Quelques élèves se retournèrent sur moi. J'attendis que l'attention se dissipe.
- Je suis au courant de la souffrance que ça implique, tous les efforts à mettre en place pour ne pas craquer psychologiquement, repris-je. Mais à force de me répéter ça à tout bout de champ, vous avez peut être oublier de dire ce qui vous accroche à un gars comme lui.
- C'est juste pour lui éviter un énième abandon.
- Je pense que tu devrais plus insister sur le fait qu'il soit sincère, plein de bonne volonté, curieux et cultivé. Que violent, désagréable et insociable.
- Je.. Arrête de me donner des leçons, je sais ce que je fais.
- Sans vouloir te vexer, ça ne l'aide pas vraiment.
- Je l'ai bien plus aidé que n'importe qui !! Elle cria, les larmes yeux, démunie.
Ma remarque l'avait blessé droit au coeur, je regrettai, je faisais de la peine à n'importe qui. J'aurais mieux fait de me taire.

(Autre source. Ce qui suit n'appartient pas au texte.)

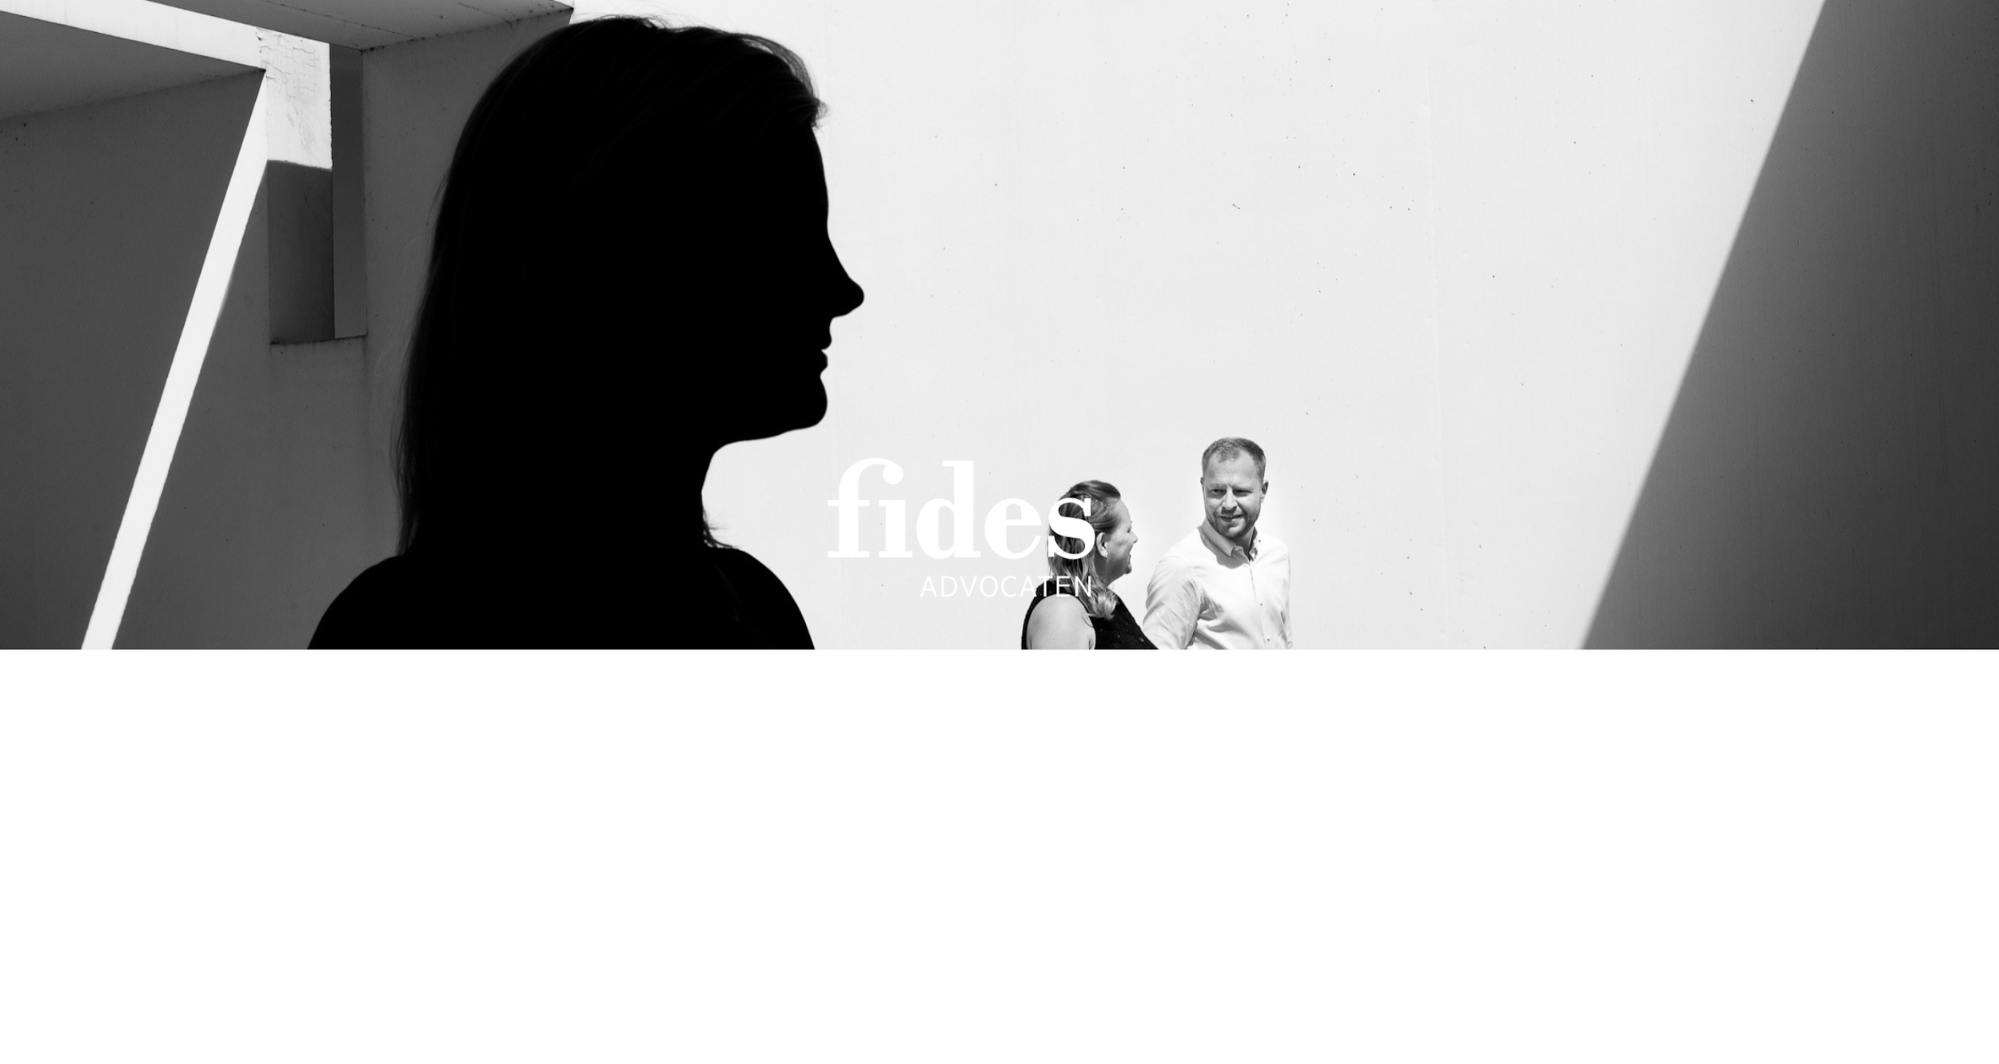 professional black and white photography on the fides website

- Mais tu as raison, je me concentre trop sur le négatif, alors que Len est quelqu'un de bien, avoua-t-elle, penaude. Il faut dire que j'ai toujours peur de me rater, j'ai peur pour lui. C'est pour ça que je pense qu'il a pu se suicider.
- Allons le voir, ensemble, pour clarifier certaines choses. Après tout, nous sommes liés par le même pacte.
Je secouai ma main pour y faire référence.
Elle me sourit. Ça faisait du bien, un monde de sourire.